■ SUPPLIED MATERIAL ■
------------------------------------------------------------

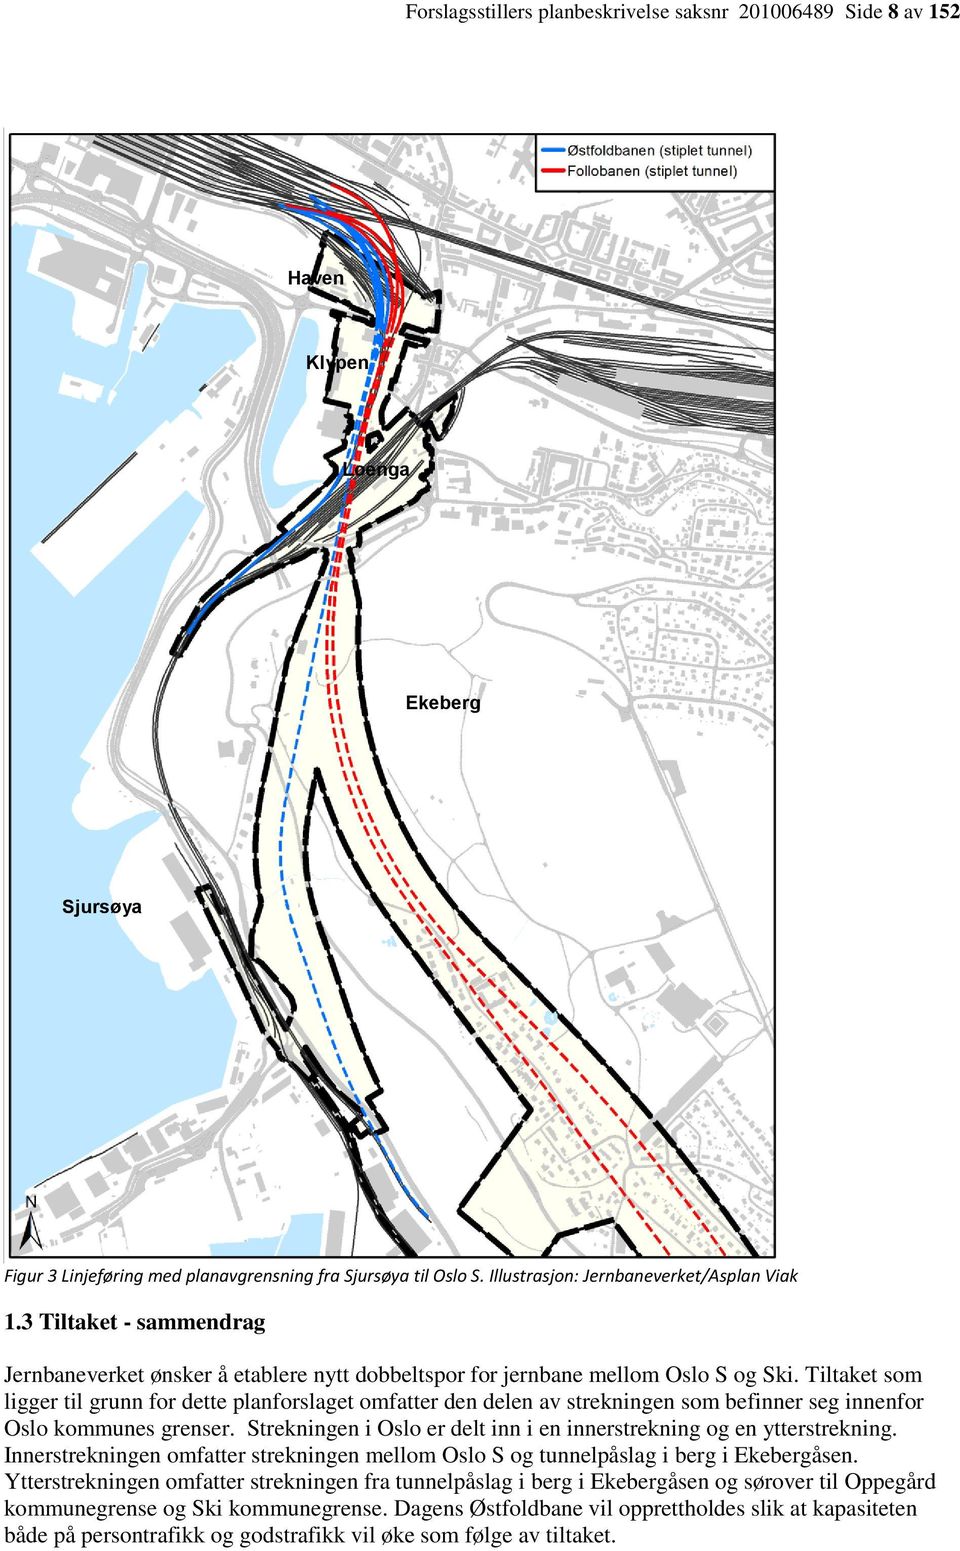 Tiltaket som ligger til grunn for dette planforslaget omfatter den delen av strekningen som befinner seg innenfor Oslo kommunes grenser.
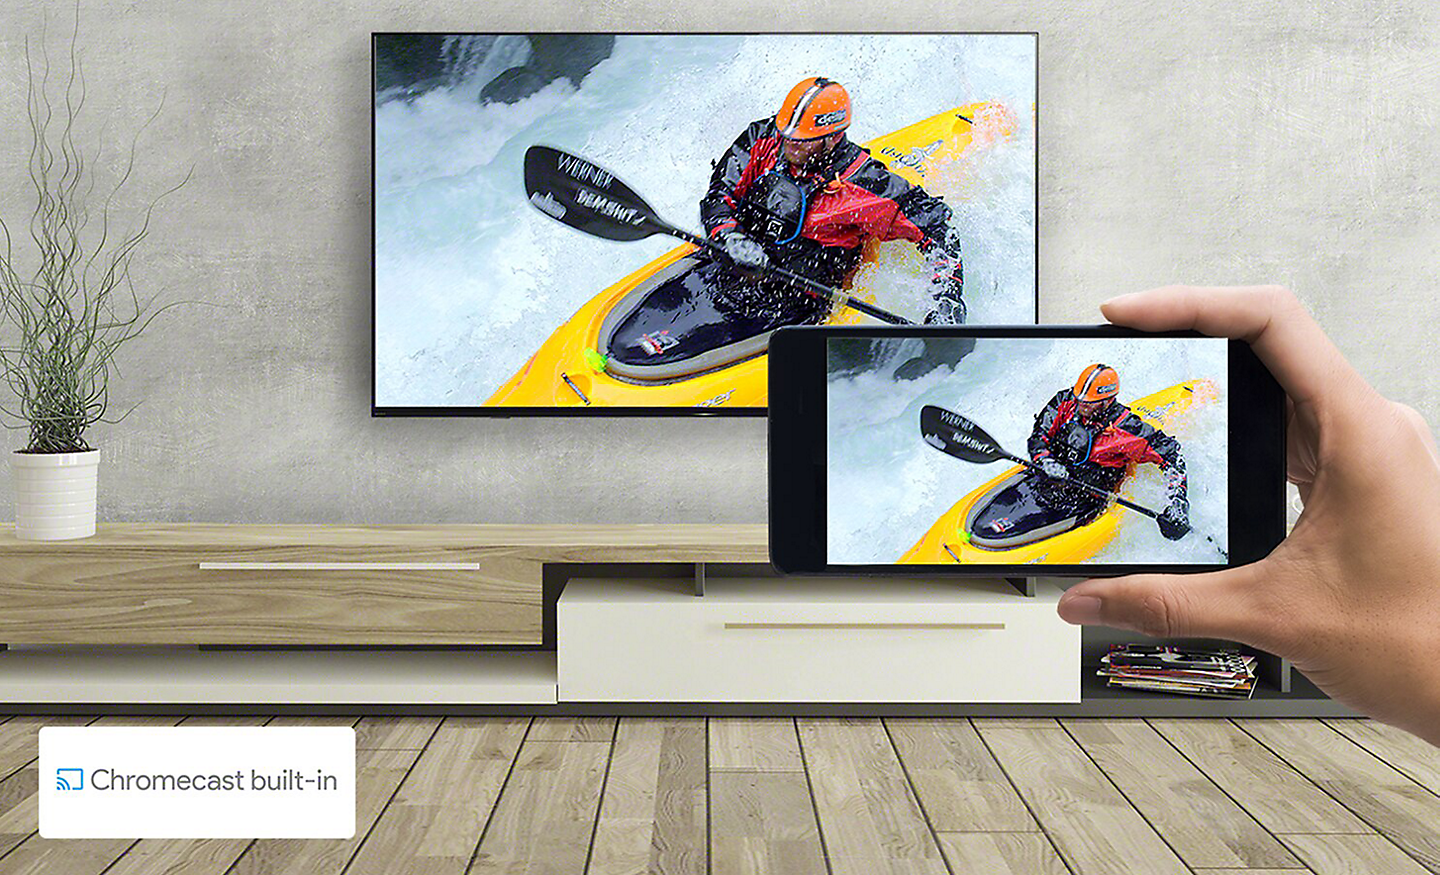 Dnevna soba s prikazom televizorja, na katerem roka drži pametni telefon, oba zaslona prikazujeta isto sliko kajaka, spodaj desno pa je logotip »Chromecast built-in«
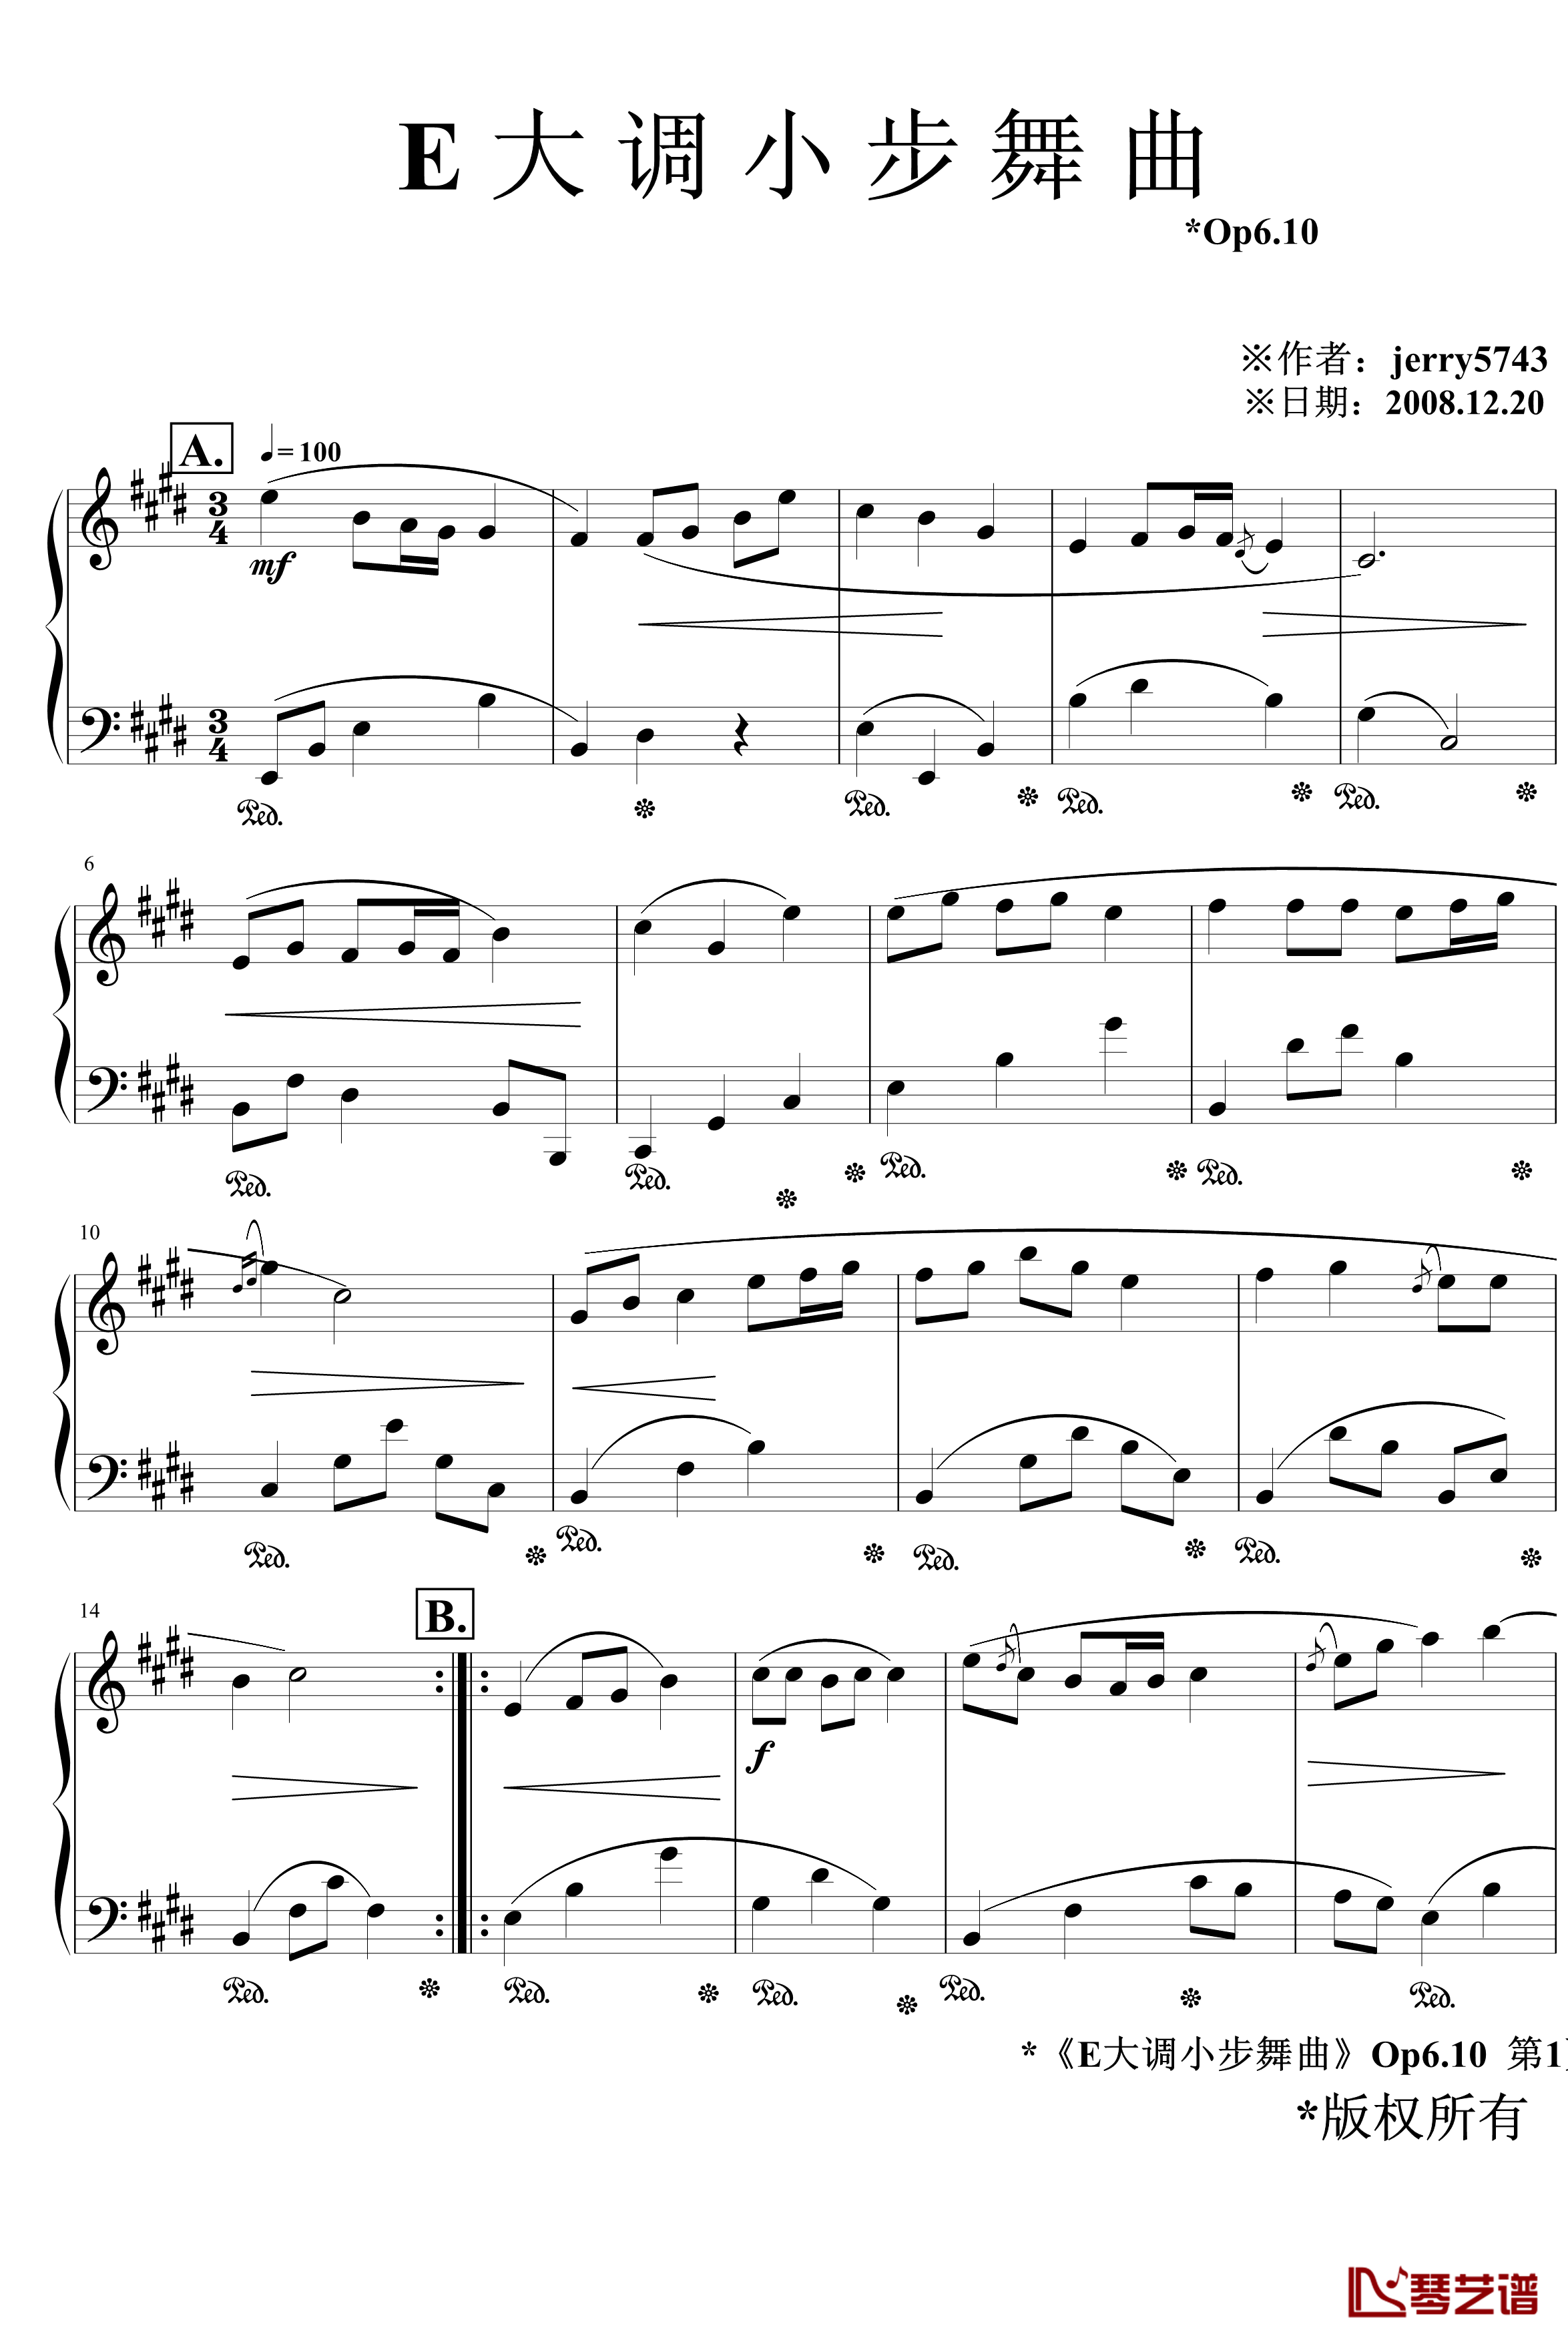 E大调小步舞曲Op6.10钢琴谱-jerry57431

------------------------------------------------------------

■ THE TASK ■
What is needed is a verbatim copy of the lines running from the one with "Dnevna soba s" through the last line of the listing above, excluding any pictures.

■ COMPLETED TASK ■
 Dnevna soba s prikazom televizorja, na katerem roka drži pametni telefon, oba zaslona prikazujeta isto sliko kajaka, spodaj desno pa je logotip »Chromecast built-in«
 E大调小步舞曲Op6.10钢琴谱-jerry57431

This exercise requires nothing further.